For the last three years, N.C. State quarterback Russell Wilson has been the face of the football program on and off the field. Even splitting time and missing games due to injury, Wilson has been the favored signal-caller since his arrival on campus. In 2008 Wilson was named Rookie of the Year and selected to the All-ACC first team. In his three seasons, Wilson racked up 8.545 yards and 76 touchdowns and wrote himself into the NCAA record books by completing 389 consecutive passes. He has also served as a perfect ambassador for the program, an active member of the N.C. State community.
But #16 will not be on the field for the Wolfpack this spring. Wilson has not ruled out returning for his senior season, but for now he is playing with the Colorado Rockies organization. Wilson maintained this fall that his goal is to play major league baseball and NFL football, but his indecision is not something that head coach Tom O'Brien wants to wait on moving forward.
“We just can’t sit here and say, ‘OK, we’re going to wait for Russell to come back,’ O’Brien said. “We have to move forward.”
So now the reigns have been handed to redshirt junior Mike Glennon. Glennon, ranked a top 5 quarterback coming out of high school, is also the younger brother of former Virginia Tech quarterback Sean Glennon. He spent last spring with the first-team while Wilson was playing baseball, but now enters spring practice expecting to be the man under center come September.
O'Brien has an impressive list of quarterbacks that have succeeded under his tenure, dating back to the Hasselback brothers at Boston College. Glennon hopes to add his name to that list with two years of eligibility left with the Wolfpack to prove himself as much more than "the guy after Russell."
It takes little to no time to point out the initial contrasts to Wilson. While the 5-11 Wilson tormented defenses by extending the play, the 6-6 Glennon is much more of a traditional pocket passer. With the sightline to scan the whole field and impressive arm strength, Glennon has all of the tools to be just as successful as Wilson. The question will be whether he can still put them to use in a game after three years on the sideline.
One uphill battle that Glennon faces is the departure of Owen Spencer, Jarvis Williams, and Darrell Davis. Wilson benefited from having big targets that he could rely on to get up and catch it over defenders. Spencer and Williams were the leading receivers in 2010, combining for 1,625 yards and 9 touchdowns. One piece that Glennon does get back is senior tight end George Bryan. Bryan has had at least 35 receptions and 350 yards receiving in his last two seasons, and the 6-5, 265 pound Castle Hayne, NC native began to generate some draft buzz among scouts.

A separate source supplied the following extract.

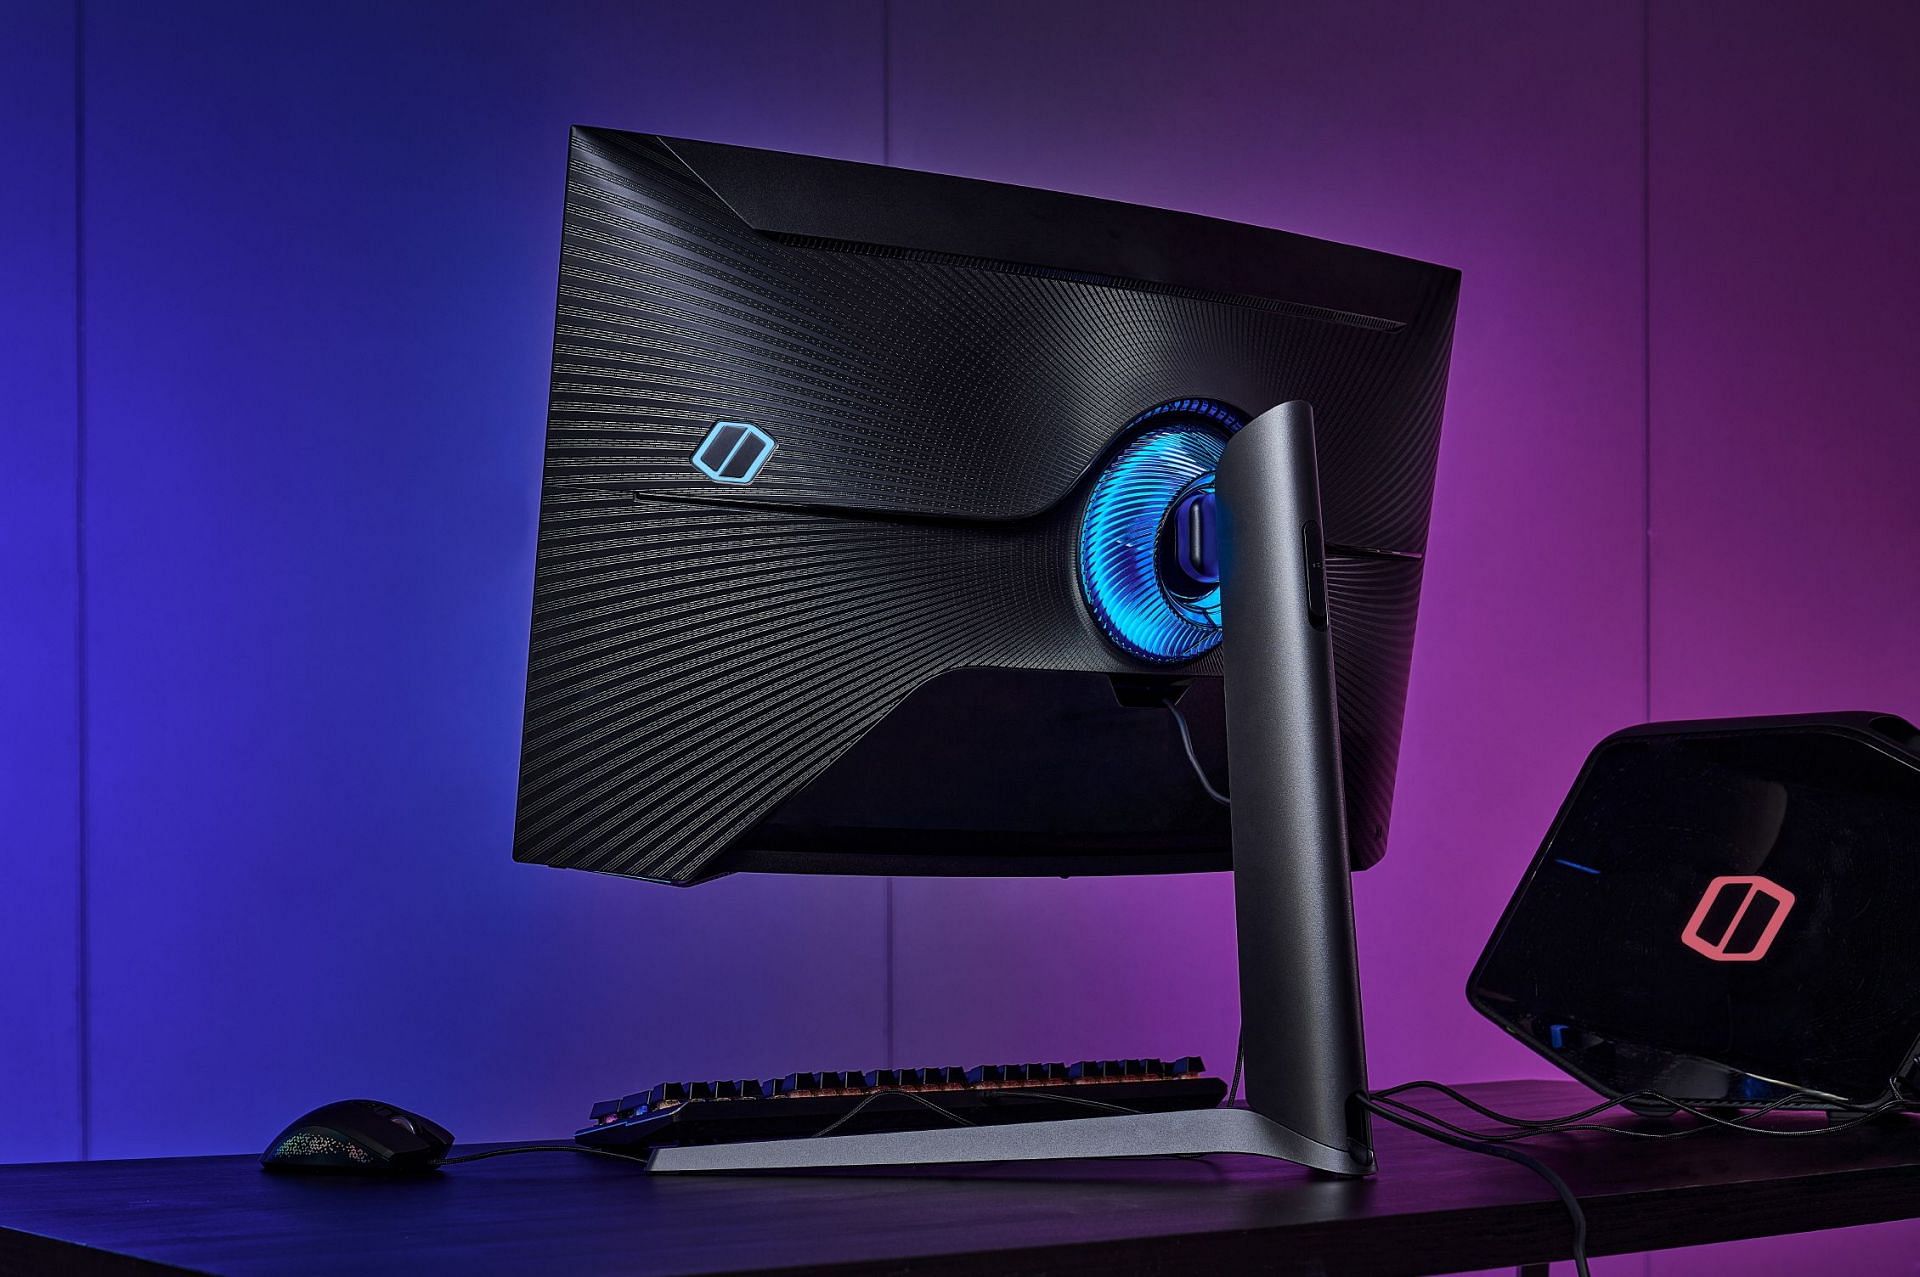 A 144 Hz refresh rate is suitable for professional gaming (Image via Samsung)

"I considered [declaring for the NFL draft] pretty good for a little earlier," Bryan told PackPride.com. "I talked to some people but we just felt like, my family, coach Bridge, coach O'Brien, all the coaches felt like it would be a better fit for me to come back because I still have stuff to work on. "There is no rush. I love playing for the Wolfpack, and I want to graduate as a Wolfpack."
That kind of leadership and dedication is something the 2011 Wolfpack will find necessary in 2011. Don't be surprised if Bryan becomes a frequent checkdown for Glennon if he can't get his first reads. It will only benefit Glennon's confidence knowing he has that big reliable target underneath when things get uncomfortable in the pocket.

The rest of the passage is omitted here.